Do not add to the word that I command you…See, I have taught you decrees and ordinances as Hashem my G-d has commanded me …to do so in the midst of the Land…Only safeguard for yourself, and greatly safeguard for your soul, lest you forget the things that your eyes have beheld…and make them known to your children and your children’s children the day that you stood before Hashem your G-d at Chorev.[2]
It wasn’t modern skeptics who first spotted the problem. Our rishonim already did battle over the issue. If the Torah warns us – in multiple places, at that, not to add to the Torah, how do we find ourselves laden with so many restrictions legislated by the rabbis? Have they not added to the Torah?
Rambam[3]offers one of the approaches. He writes that it is forbidden for the beis din to rule that the prohibition of cooking meat and milk together extends to fowl. If they do, they violate the prohibition of adding on to the Torah. Instead they should rule that when the Torah speaks of cooking a “kid” it does not mean fowl. Nonetheless, they are prohibiting it as a fence around the Law, and they should publicize this thinking to the people. (As you might expect, the Raavad disagrees about the definition of “adding on.”)
Read our parshah carefully, and you will discover a major assist to the Rambam’s case.
Our selection of pesukim begins with an admonition against adding on to the Torah. Strangely, it seems to end with the opposite. “Safeguard for yourself, and greatly safeguard for your soul.” While safeguarding may mean nothing more than meticulously observing all rules that apply, when the Torah specifies “greatly safeguard” it must mean something more than the usual. The reasonable candidate is a proactive safeguarding, some affirmative action taken beyond just refraining from transgression. Such affirmative action is what we call gezeros, rabbinically-ordained fences around the Law. If this is correct, then the parshah begins by instructing people not to add to the Torah, and then ends with an instruction to do just that!
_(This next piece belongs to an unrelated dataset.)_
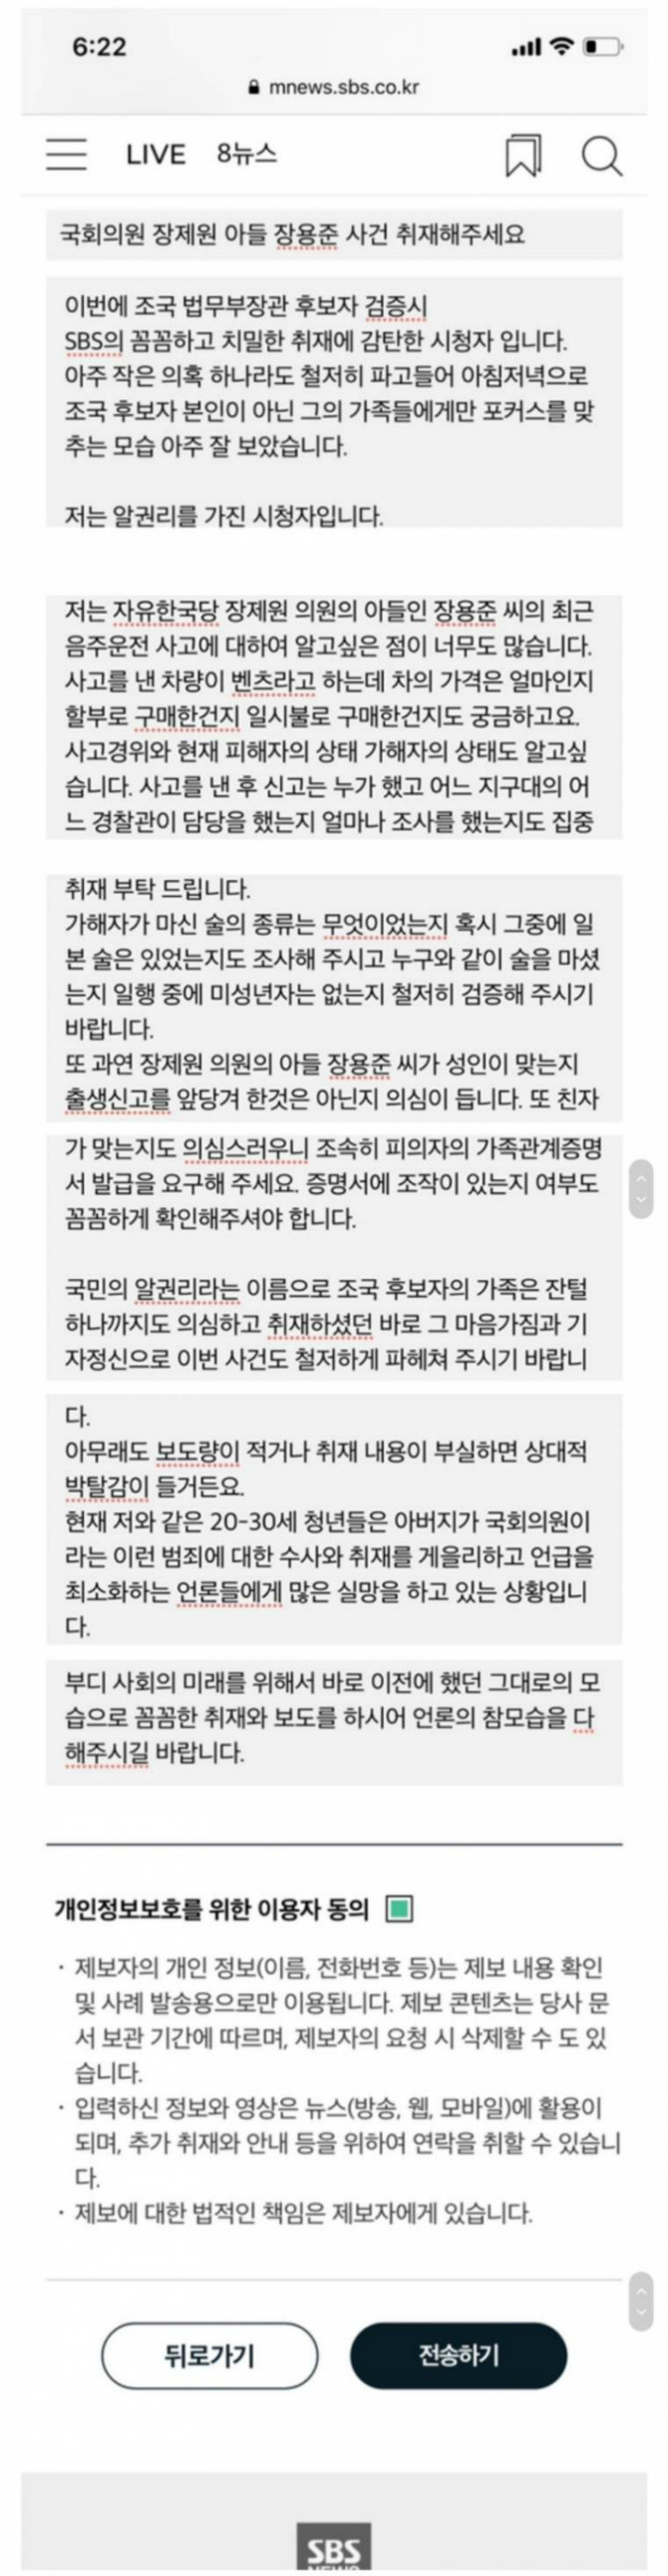 SBS 뉴스에 장제원 아들 제보한 네티즌

Fortunately, the intervening verses – when read keeping the Rambam in mind – clear up the apparent contradiction. “See, I have taught you decrees and ordinances… as Hashem my G-d has commanded me.” Here Moshe posits the first step. Before considering any rabbinic safeguards, he must first make clear with the basic Torah law is. Only after that are we bidden to create safeguards as needs, provided that we “make them known to your children and your children’s children.” In other words, we must publicize that the fences are just that – rabbinic laws made to safeguard the Torah law – and nothing more.
Chazal offer various meshalim for the purpose of rabbinic fences. They compare them to “handles” that are added to a “basket without handles.”[4] Elsewhere[5] they add a second mashal: to an orchard that must be guarded from outside, rather than just inside, to be effective. Neither one alone fully conveys the scope of the fences, because they service two different needs.
Some fences serve the immediate need of keeping people away from transgression. They are aimed at the present. Others, however, look to a future in which observance is compromised, and attempt to prevent even further erosion of practice. They attempt to hold a beachhead in which at least the most important practices are observed.
The basket functions adequately in its place. Handles are needed only when moving it from place to place. This mashal works well for the innovations of Shlomo, which were not ordinary fences, but affirmative obligations. The mashal suggests that they were needed not so much for the generation in which they were promulgated, but for the future – in moving from one “place” in time to another.
The orchard mashal deals with immediate protection. When the guardians look from within, they can only see what is in front of them. Guarding from the right position outside can protect everything within a perimeter. It is introduced in a gemara that deals with second-degree prohibited relations. They were legislated to ensure that people would not cross over the boundary to the first-degree prohibitions – the Torah’s list of forbidden incestuous relations.
Both of these meshalim are hinted at in our pesukim. We are cautioned “lest you forget the things that your eyes have beheld.” We are to be like the watchman standing at a good vantage point outside the orchard, whose eyes can behold the entirety of his charge. By creating the proper gezeros, we will not forget our duties to what is inside.
We are also told, however, to consider the future. “Make them known to your children and your children’s children.” We must legislate as well with an eye on preserving a legacy for future, less certain times. We must prepare for the eventuality that there will be some weakening of observance in the future. We should try to ensure that even if that happens, the core element of what we received when we “stood before Hashem…at Chorev” will be transmitted to coming generations.